_PROBLEM TO WORK ON_
The material below is to be copied exactly from the line with "Dimensions: 43" up to and including the line with "Griffin Jewellery Designs.", with nothing else kept and no pictures.

_MATERIAL TO PROCESS_

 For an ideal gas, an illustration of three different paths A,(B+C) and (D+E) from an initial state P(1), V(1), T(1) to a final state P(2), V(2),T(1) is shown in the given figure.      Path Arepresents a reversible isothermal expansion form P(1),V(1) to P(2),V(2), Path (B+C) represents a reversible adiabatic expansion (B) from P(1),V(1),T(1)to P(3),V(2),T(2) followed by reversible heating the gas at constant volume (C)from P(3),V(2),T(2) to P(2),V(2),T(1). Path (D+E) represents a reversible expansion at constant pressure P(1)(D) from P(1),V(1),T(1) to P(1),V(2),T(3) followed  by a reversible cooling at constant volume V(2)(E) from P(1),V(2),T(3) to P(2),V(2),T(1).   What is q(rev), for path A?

---

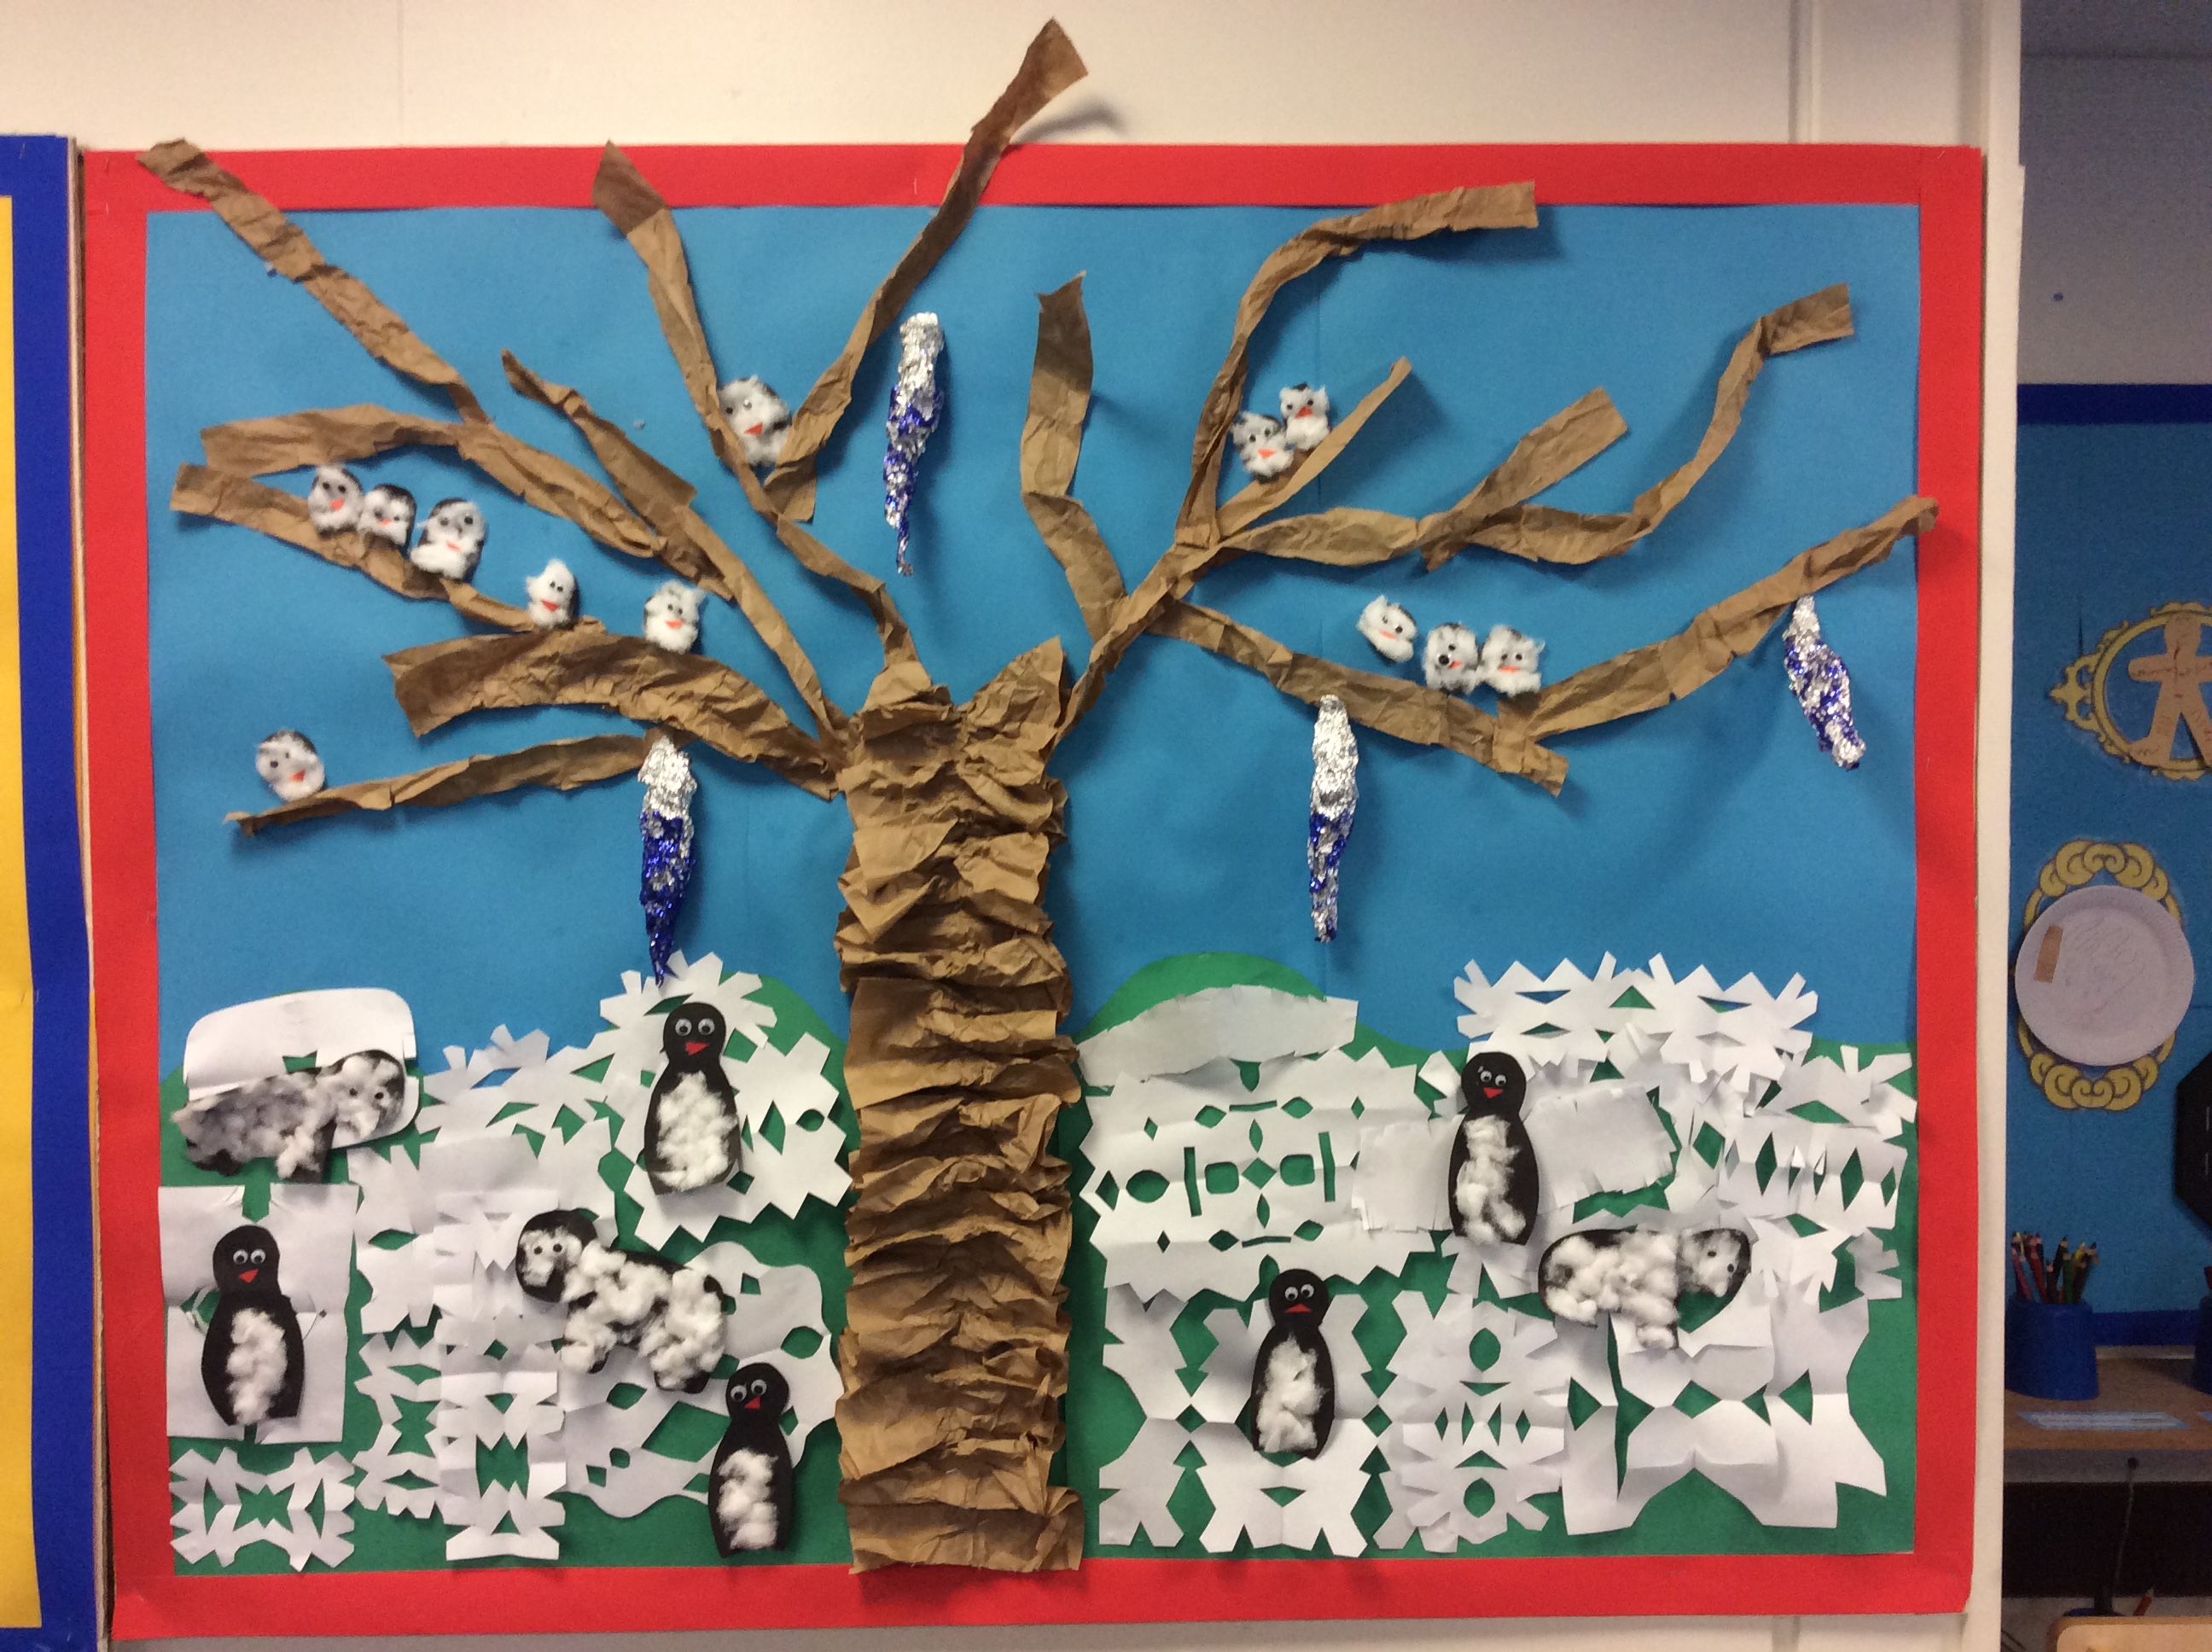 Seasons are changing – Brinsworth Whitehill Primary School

--

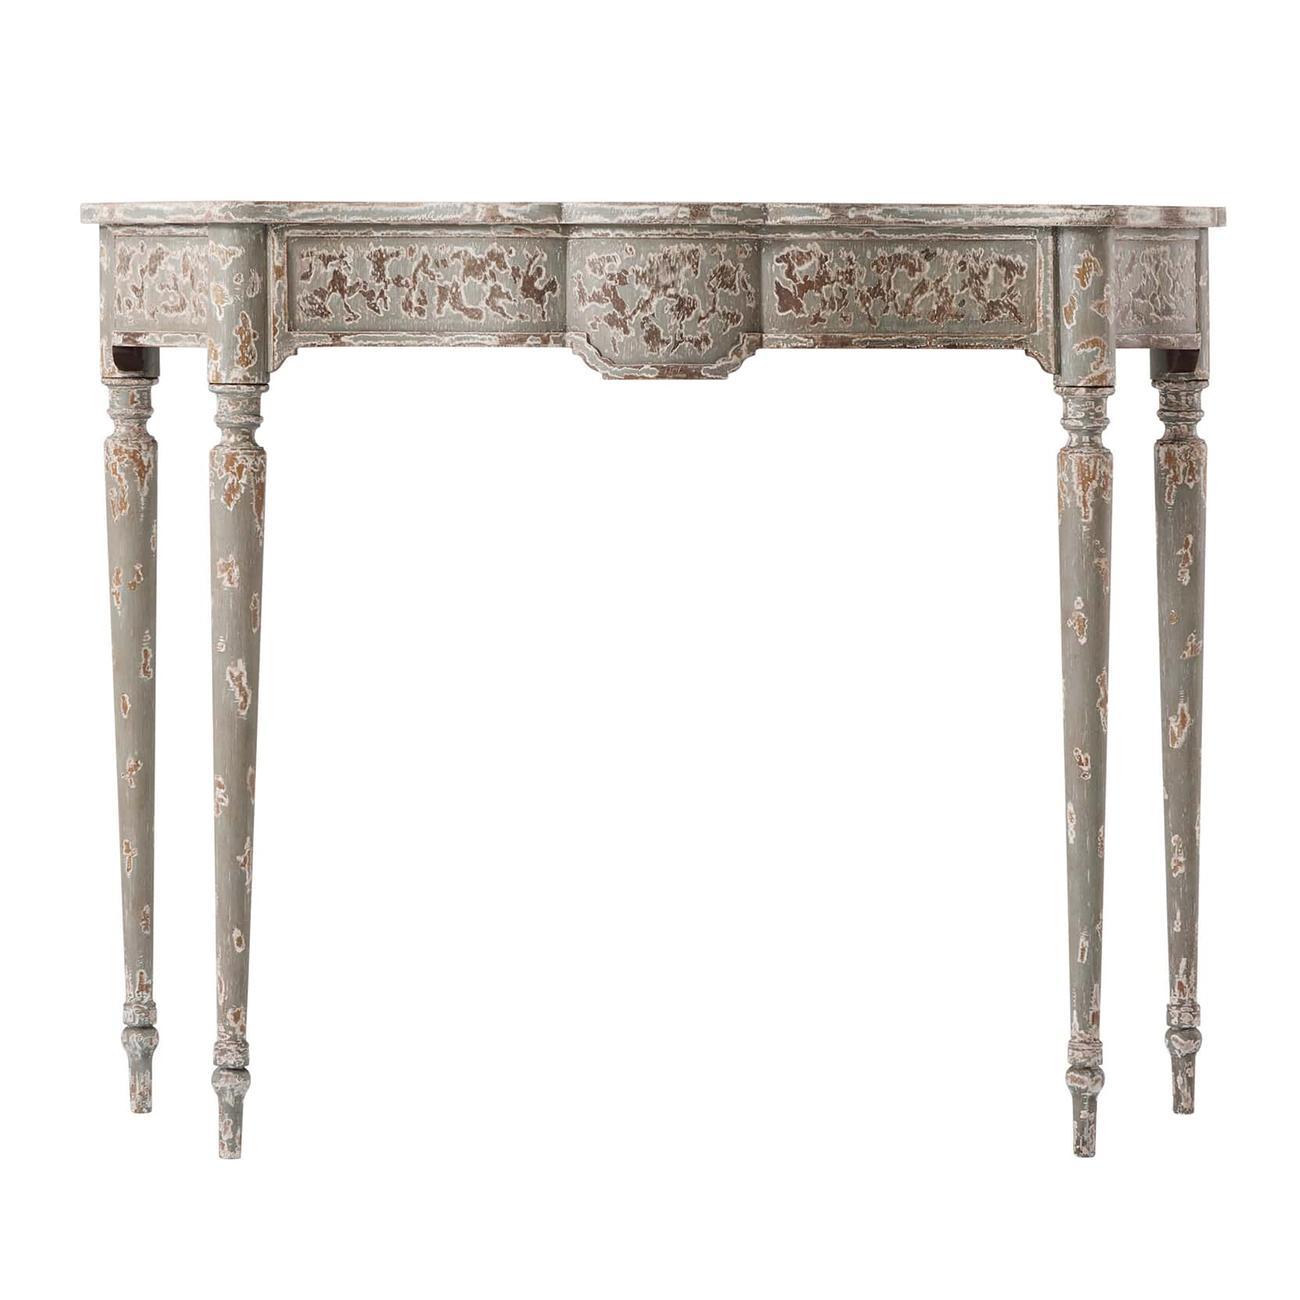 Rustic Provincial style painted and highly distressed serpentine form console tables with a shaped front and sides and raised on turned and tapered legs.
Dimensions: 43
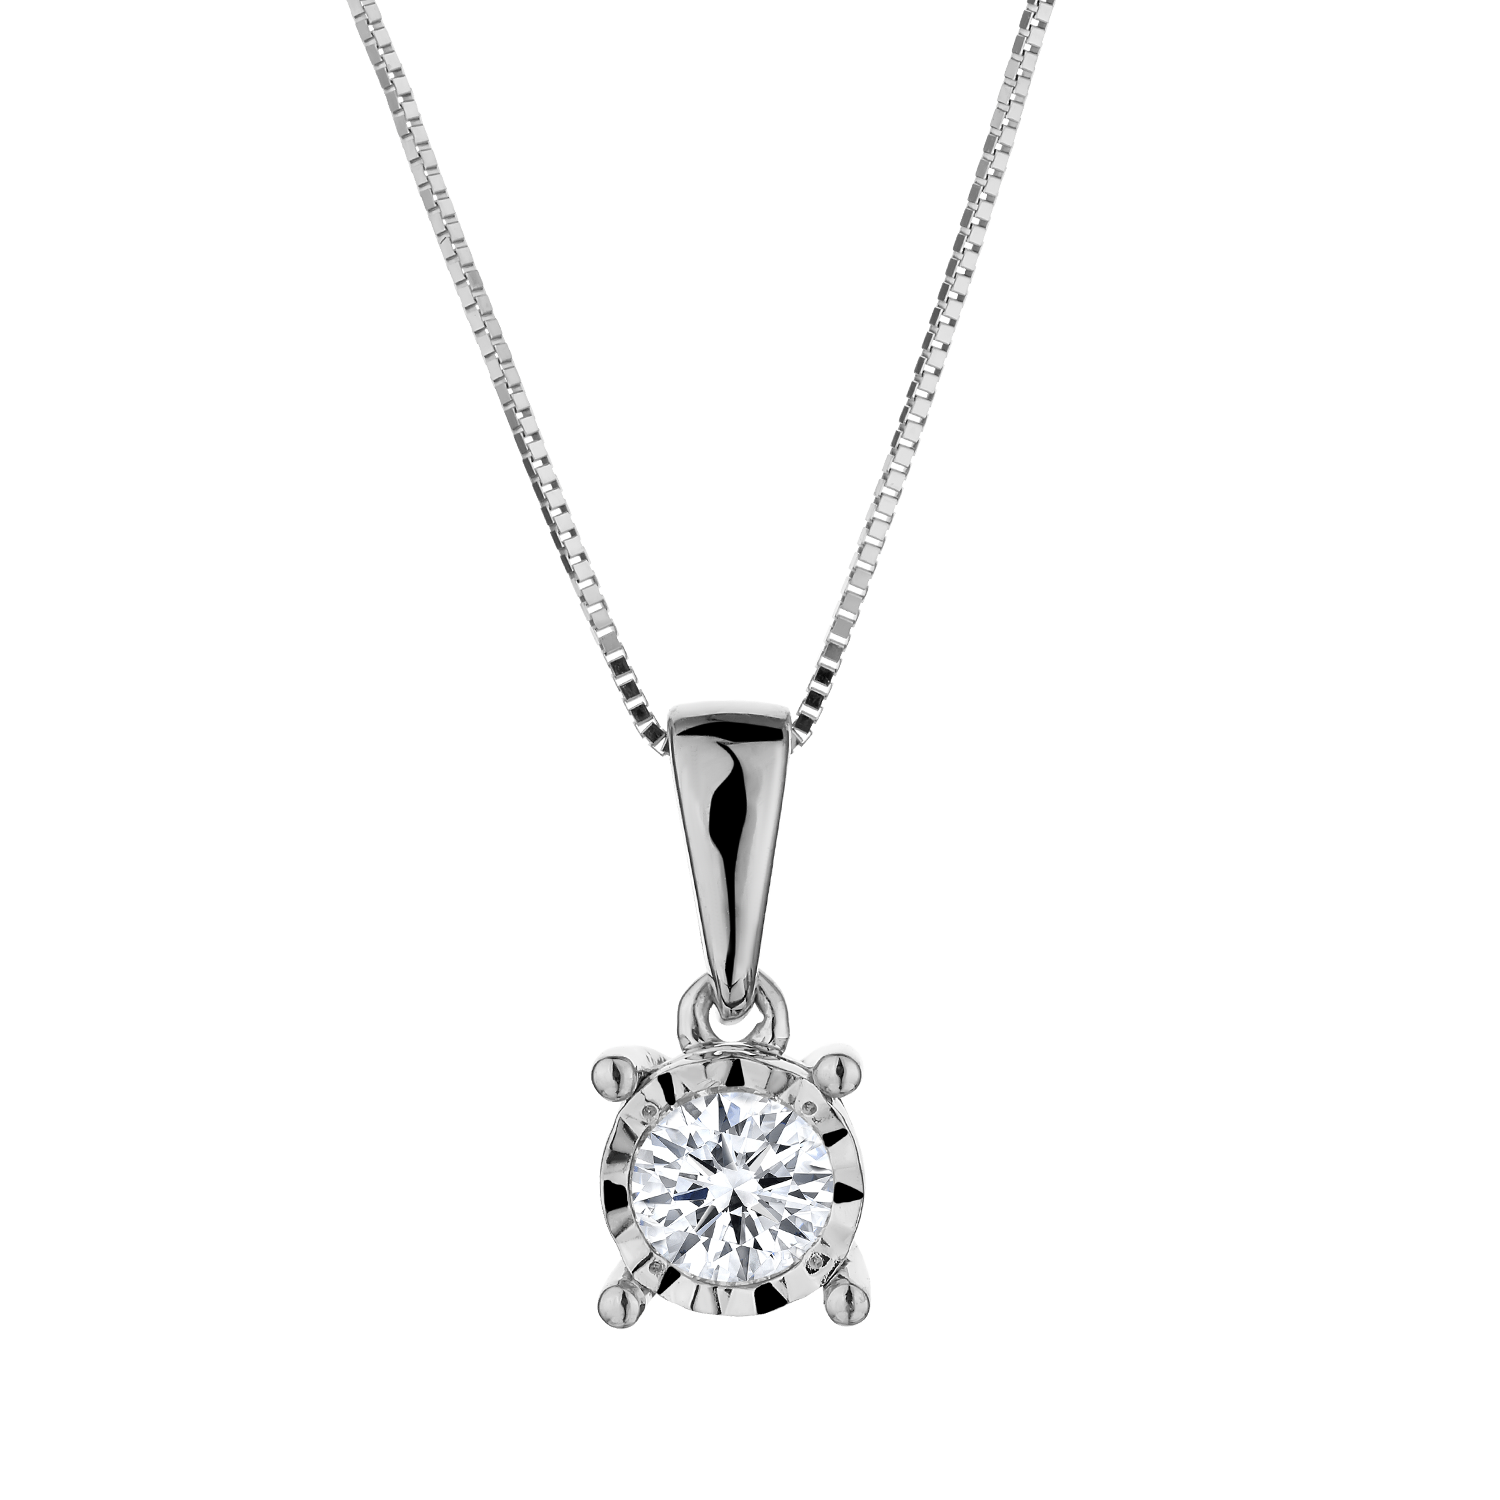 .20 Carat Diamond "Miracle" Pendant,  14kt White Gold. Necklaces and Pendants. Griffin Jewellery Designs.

_COMPLETED TASK_
Dimensions: 43
 .20 Carat Diamond "Miracle" Pendant,  14kt White Gold. Necklaces and Pendants. Griffin Jewellery Designs.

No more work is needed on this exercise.